→ Task objective
Among the entries below, find the line with "Платье белое с", then quote it and each following line up to and including the line with "RBCZ Zpravy Právě", and nothing else.

→ Listed entries
-*-*-

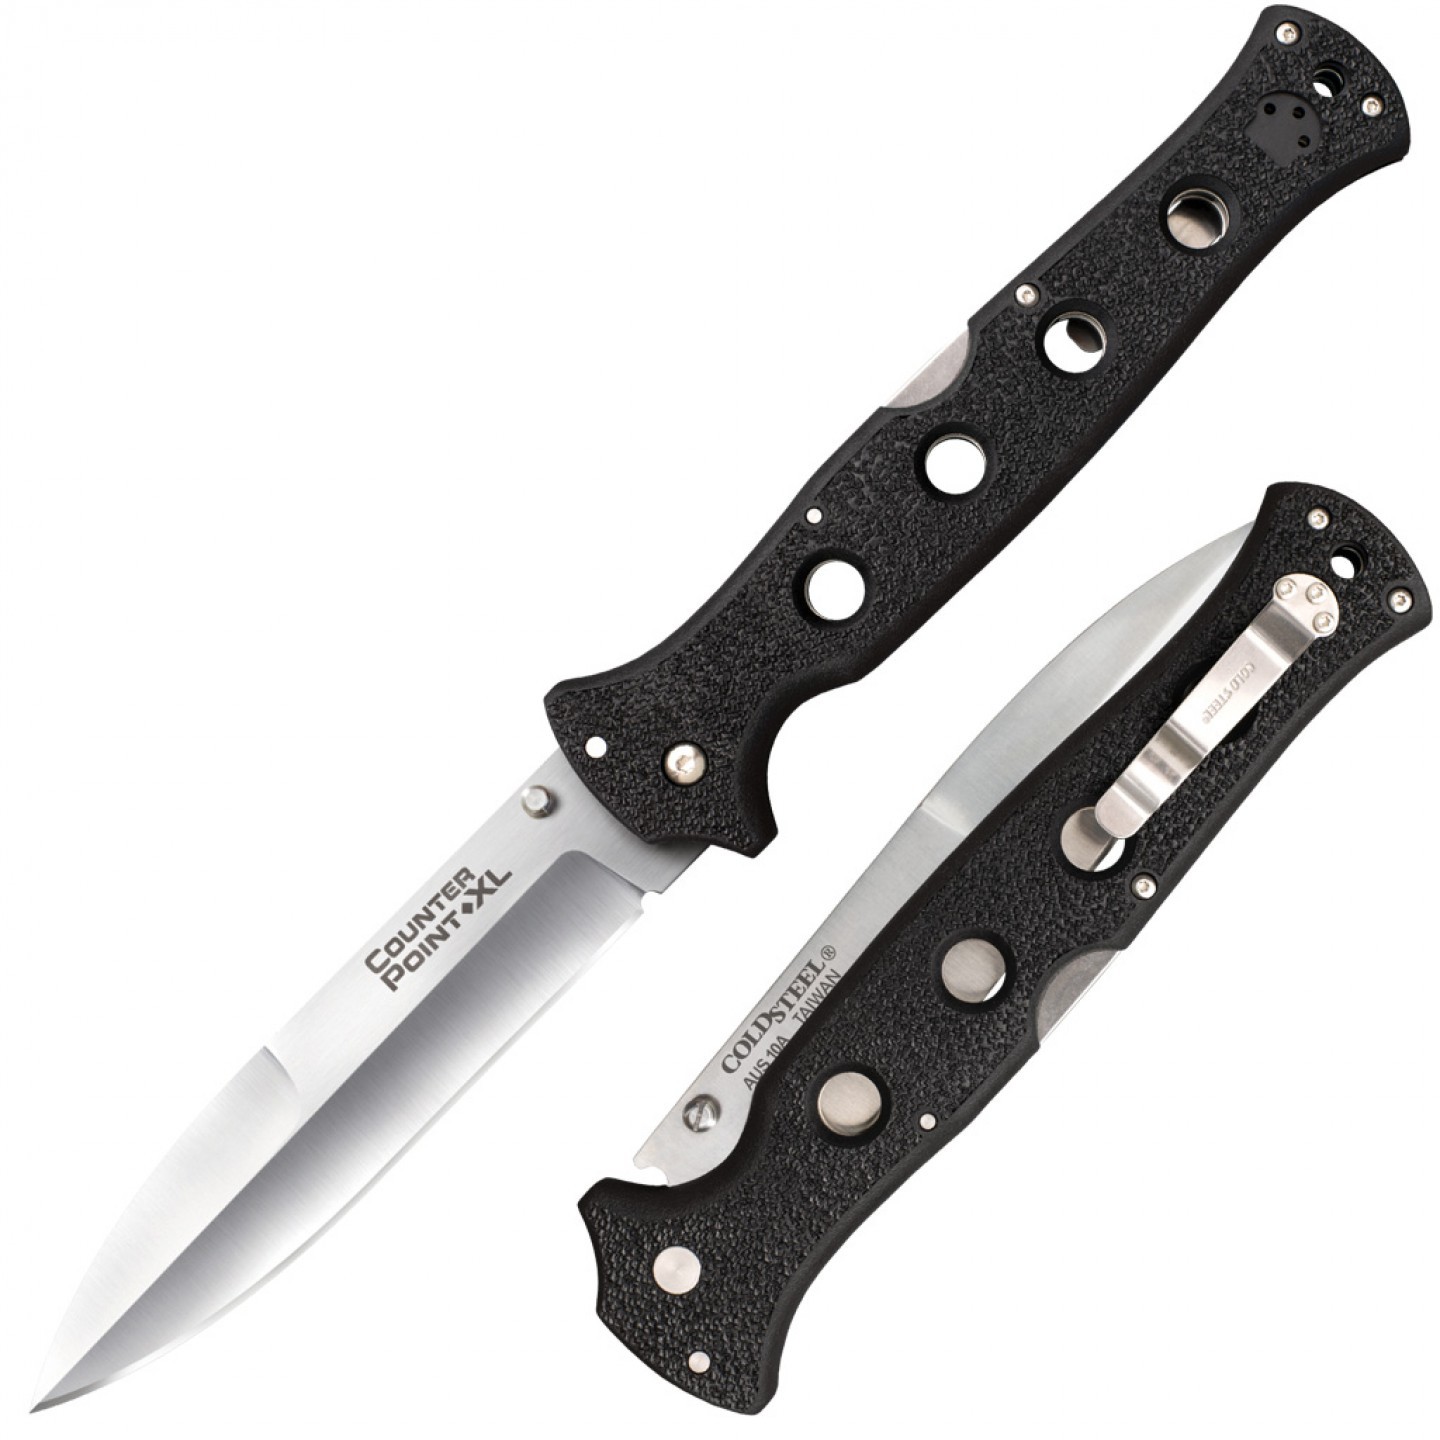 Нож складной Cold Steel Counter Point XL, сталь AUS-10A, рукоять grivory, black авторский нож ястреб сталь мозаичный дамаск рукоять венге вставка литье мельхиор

-*-*-

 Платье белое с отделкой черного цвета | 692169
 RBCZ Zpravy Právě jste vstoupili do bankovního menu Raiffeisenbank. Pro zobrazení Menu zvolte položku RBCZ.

-*-*-

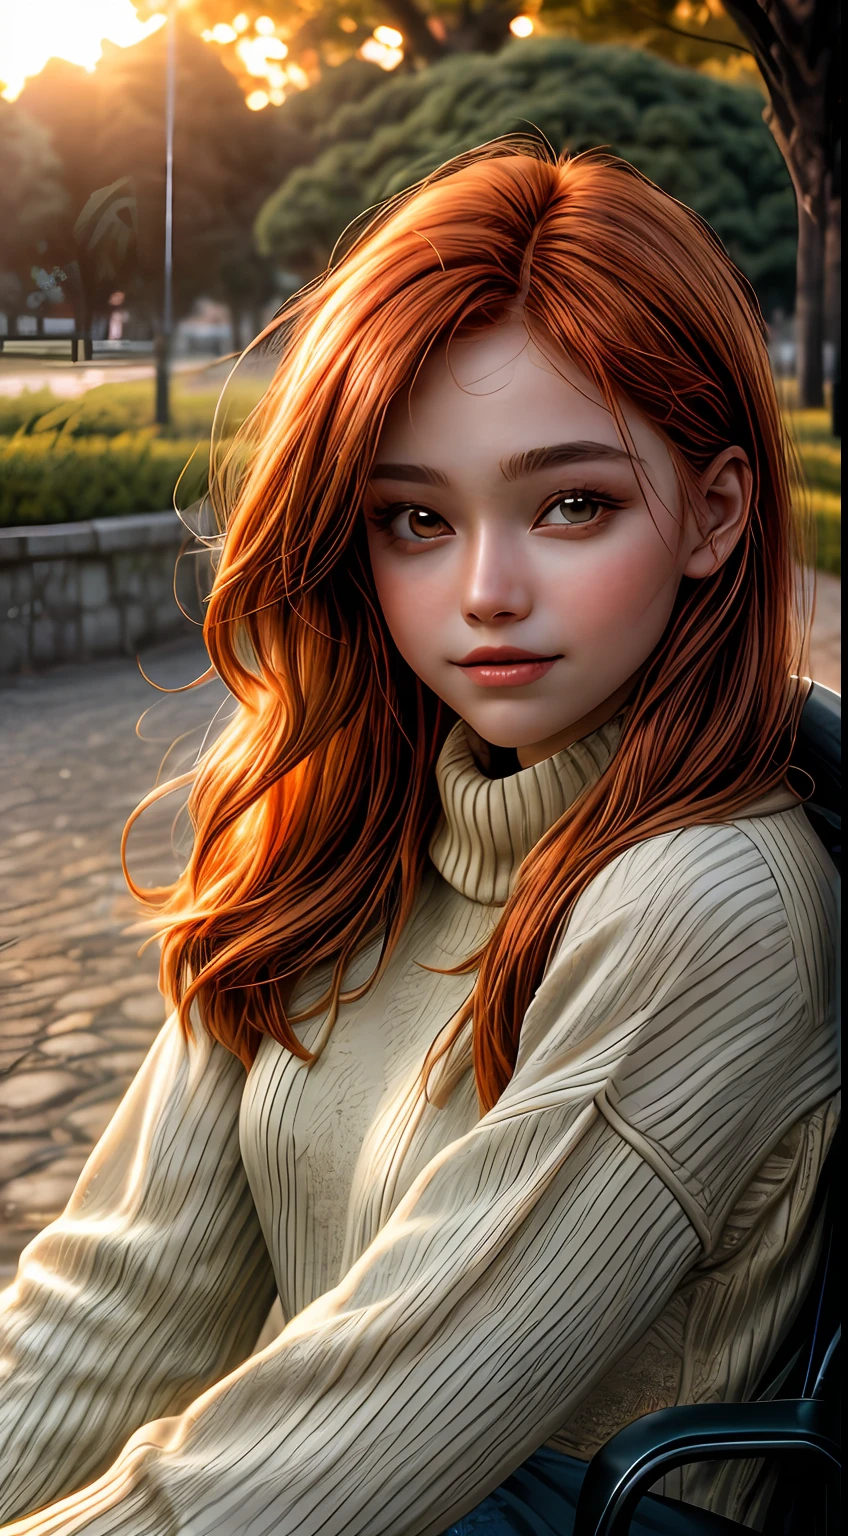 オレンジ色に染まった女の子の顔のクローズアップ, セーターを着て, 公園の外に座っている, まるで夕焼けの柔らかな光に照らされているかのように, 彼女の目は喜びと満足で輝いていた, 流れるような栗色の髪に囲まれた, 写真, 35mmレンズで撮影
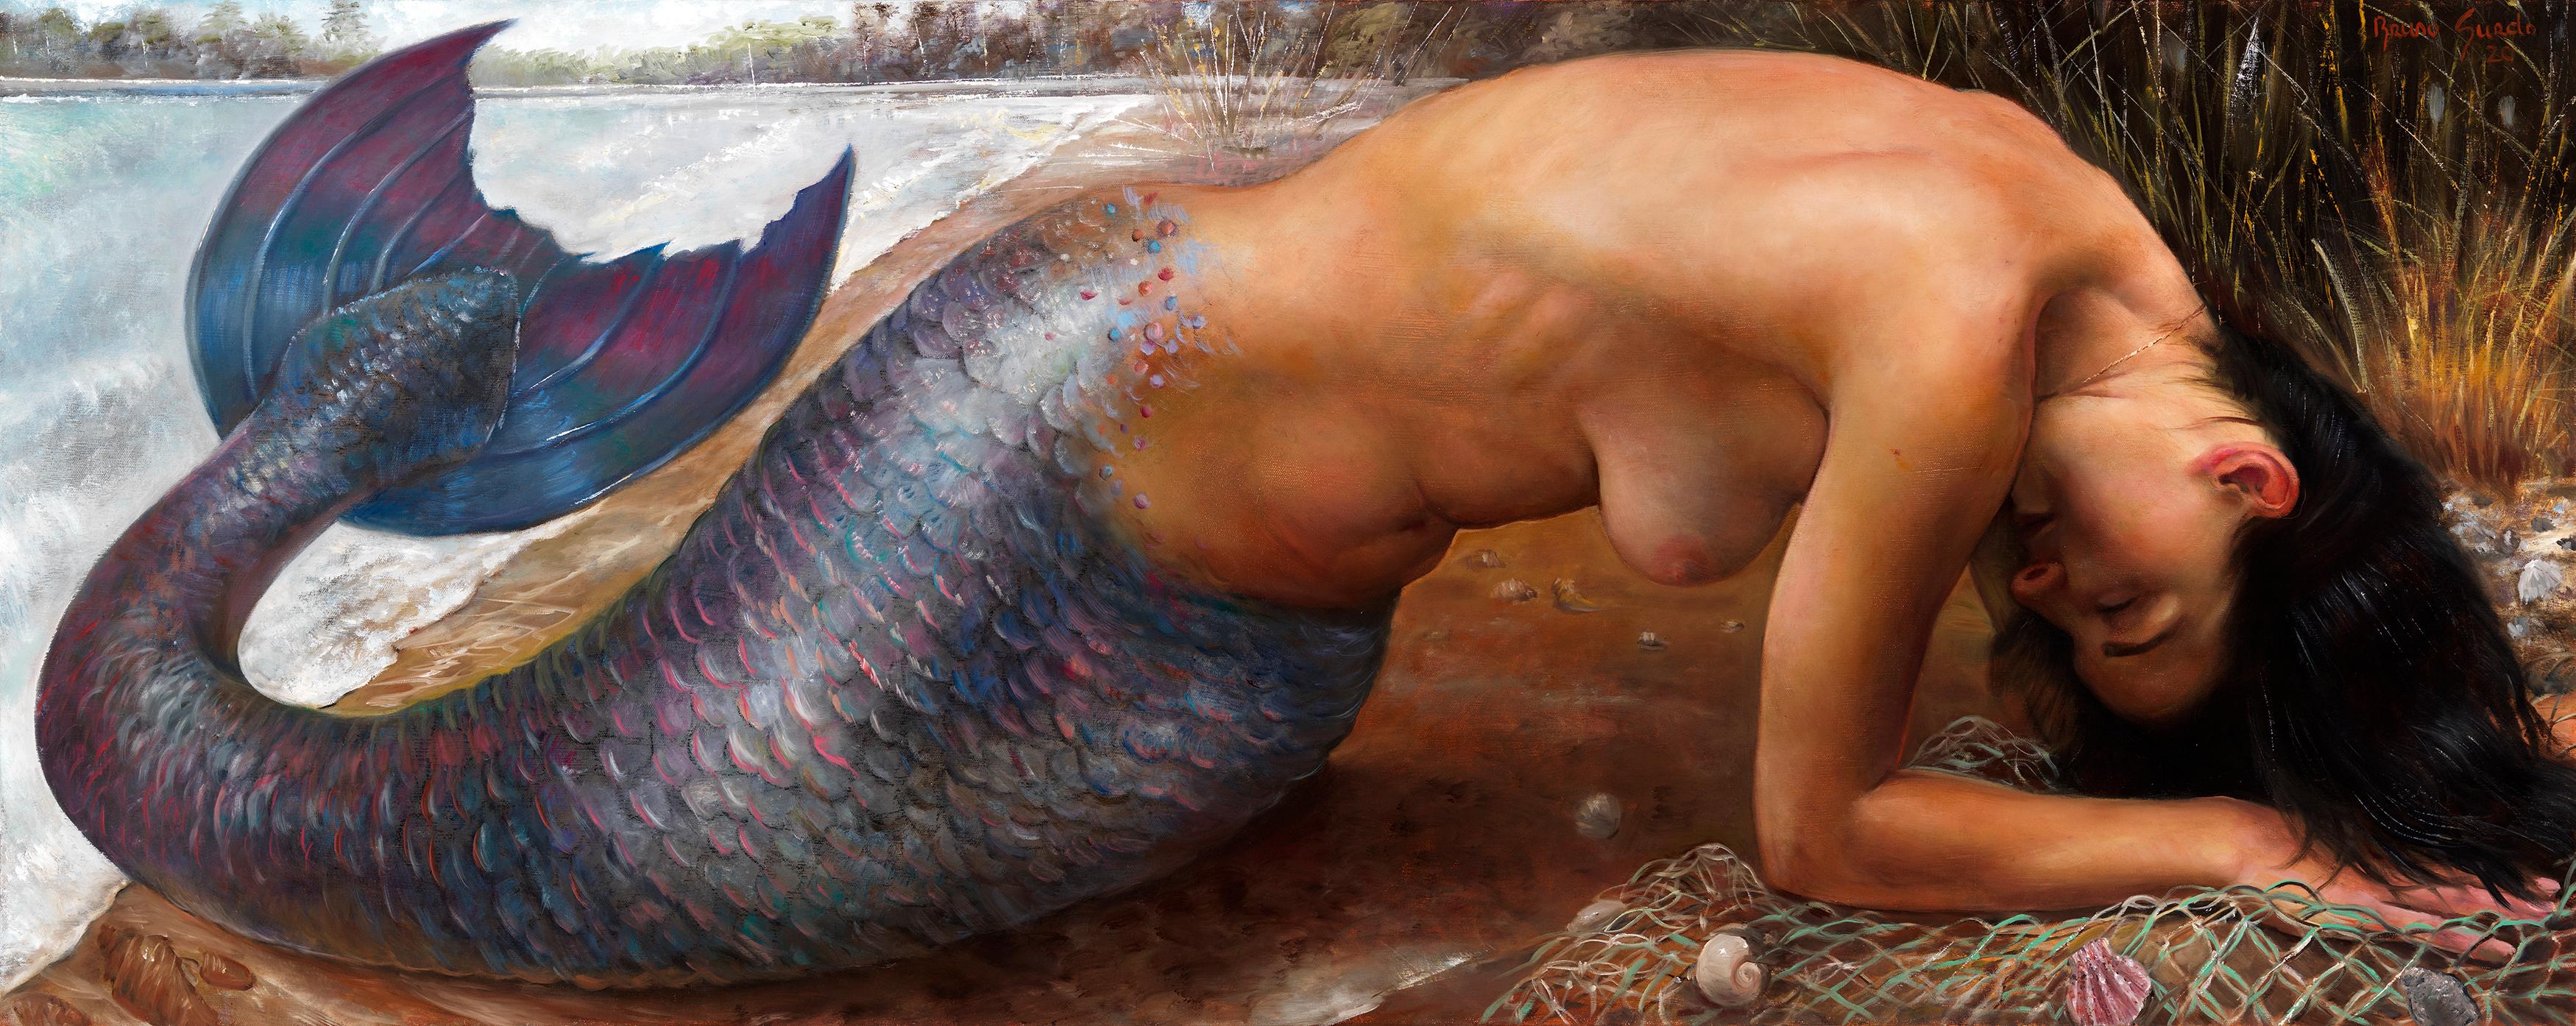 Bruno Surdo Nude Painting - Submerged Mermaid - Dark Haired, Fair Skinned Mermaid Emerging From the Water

-*-*-

→ Result of this task
 Платье белое с отделкой черного цвета | 692169
 RBCZ Zpravy Právě jste vstoupili do bankovního menu Raiffeisenbank. Pro zobrazení Menu zvolte položku RBCZ.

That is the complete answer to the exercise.